Да, вот так странно сочеталась их магия. Близнецы могли выращивать растения, за несколько минут превратить семя в цветок, дерево или спелый овощ, но ничего изменить в нём не могли. Зато Льюла могла, меняла и цвет, и форму, и качества — но сама ничего вырастить быстрее, чем заложено природой, не могла. Зато втроём они совершали настоящие чудеса.
Мы разбудили Велу и уселись есть редкое лакомство. В нашем климате арбузы на открытом воздухе не росли, точнее — не вызревали. Тут либо теплицы делать, либо магу постараться, либо привозить издалека. В любом случае — удовольствие дорогое, и даже в семье герцога — не частое и сезонное, а для простых людей вообще недоступное. А здесь они просто в поле растут, подумать только!

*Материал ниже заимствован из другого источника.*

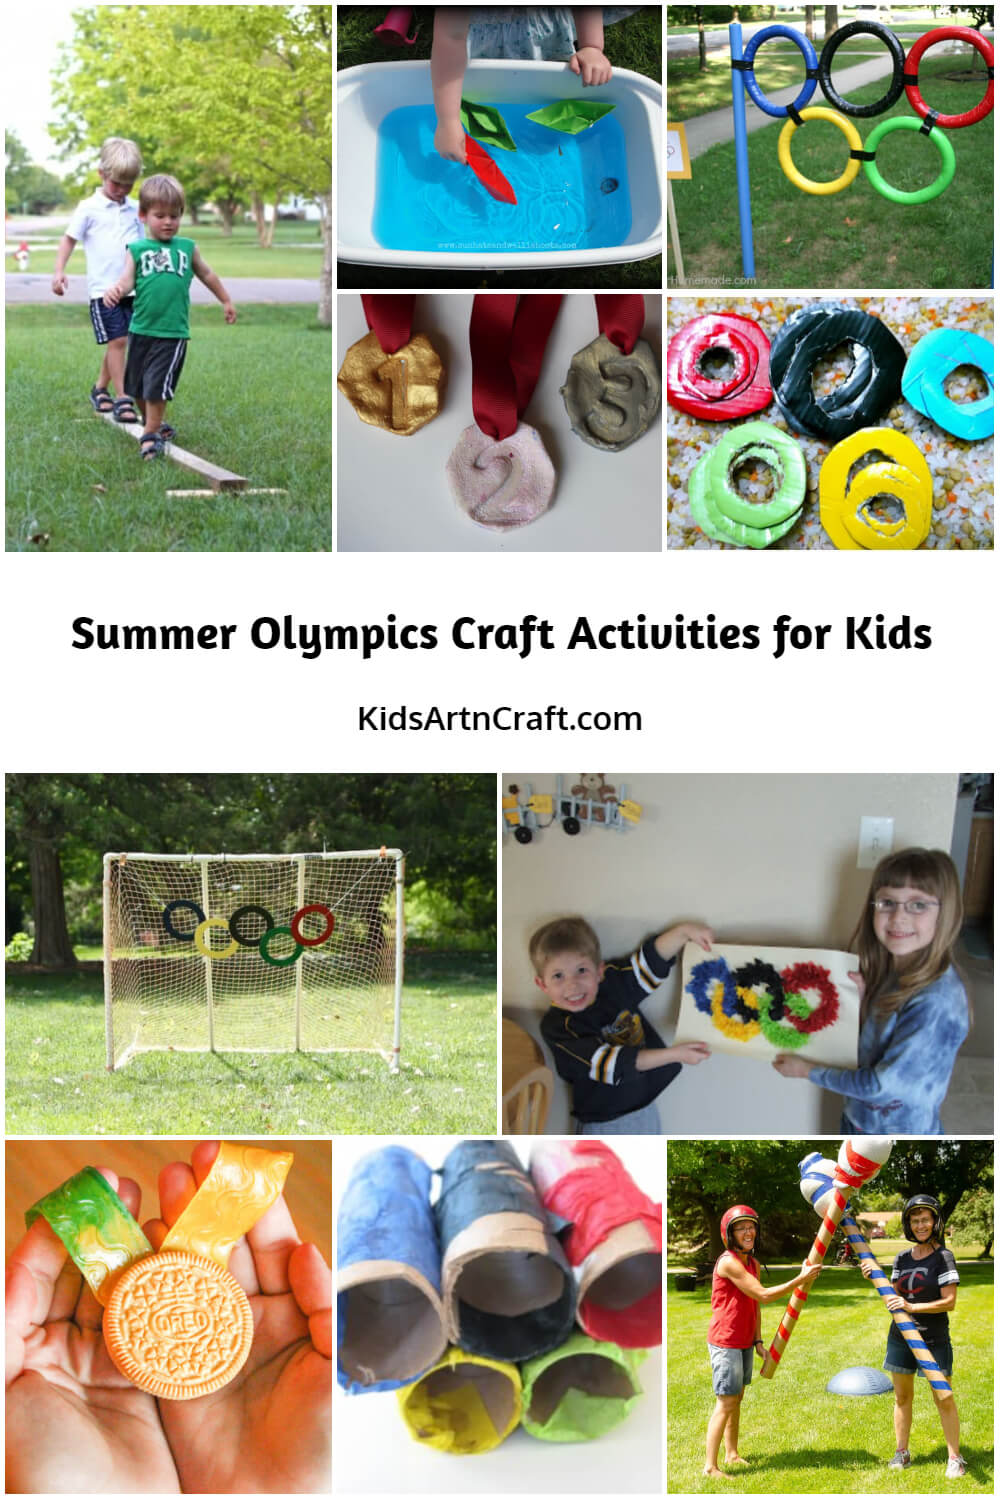 Summer Olympics Craft Activities for Kids

Я рассказала детям нашу легенду — кому я теперь мама, а кому тётя, — и назвала наши новые имена. Старшие отнеслись ко всему на удивление серьёзно, даже шестилетки понимали, что такое смерть, и что случилось этой ночью с нашими близкими. А малыш Ронт понял лишь, что мы прячемся от страшилищ, и теперь наши имена звучат короче, а я теперь понарошку буду его мамой. Этого было достаточно. Младшие вообще ещё говорить не умели, даже двухлетняя Лана лопотала что-то на своём, детском, малопонятном, не проболтаются.
Когда арбуз был съеден почти весь, я впряглась в специальные постромки и покатила тележку на восток, ребятишки старались помочь, подталкивая её сзади, но в целом мне было не тяжело. Неказистая с виду, тележка была тщательно смазана и имела очень лёгкий ход, и это было в сто раз лучше, чем тащить на себе и малышей, и вещи. Наши родственники продумали всё.
Пройдя около километра, точнее — примерно две тысячи шагов, которые Рин и Вела считали вслух, причём на Лурендийском, мы обнаружили пасущуюся возле леса лошадь под седлом, а подойдя ближе — мужчину средних лет, лежащего на дороге без сознания со странно вывернутой, окровавленной ногой и кровью в волосах. Оставив детей и повозку в сторонке, я осторожно приблизилась, взяла мужчину за руку и провела диагностику.